Why? Do you rigorously hang out only with persons who hold your views on race, (sex, parenting, economy, religion, etc.)? Or do you have a special niche where people with the “wrong” views of race are to be shunned in all social environments?
You say this like it’s just weird not to hang out with people you know are racists.
Yeah, pretty much. I mean, for me personally, I don’t associate with people who are obviously racist. Former skinheads would for sure qualify!
I don’t think that’s a weird line in the sand to draw.
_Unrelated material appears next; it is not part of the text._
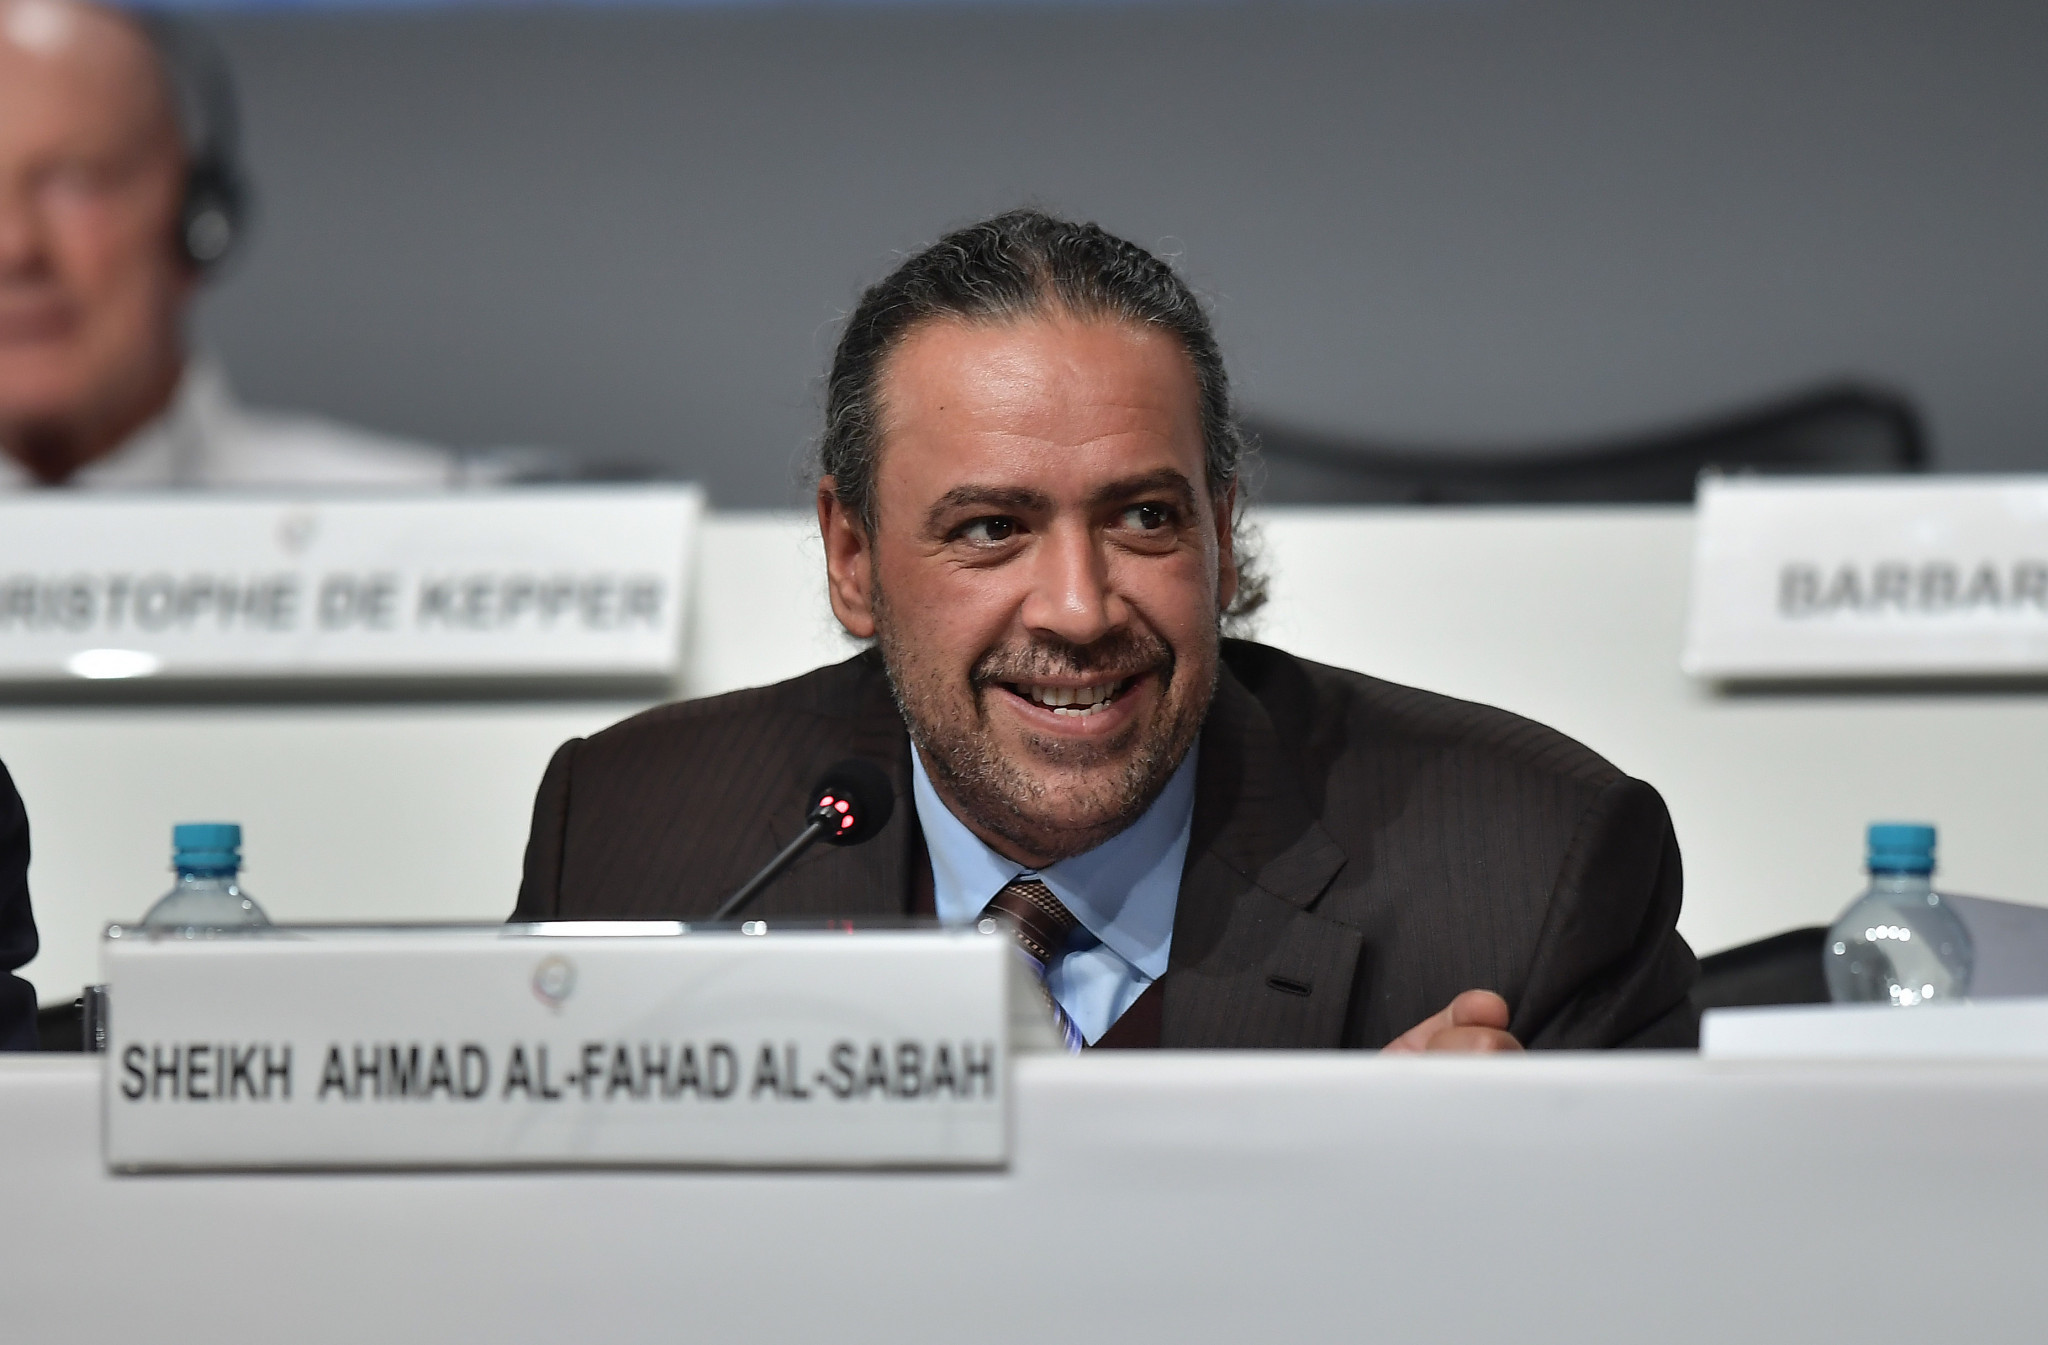 Sheikh Ahmad reflects on "very serious allegations" in ANOC New Year's message

I might be influenced in part by my father’s experience working against institutional racism in services for the homeless and the public school system, my own experience in volunteering for a wrongful conviction project, and the fact that my husband grew up in South Africa (he was 10 in 1994).
I don’t think I’m obligated to socially entertain people who are hateful for any reason, but racism is a definite no.
And, in the case of this person, if he is trying to disavow past racism, recent hangouts with unrepetant racists make me skeptical of his ‘reform’.
I do say that Political Correctness came from the Nazi’s and the Communist as that is what they use to control the people or to brainwash them with such crap.
Racist is one thing and racial prejudice is totally another thing.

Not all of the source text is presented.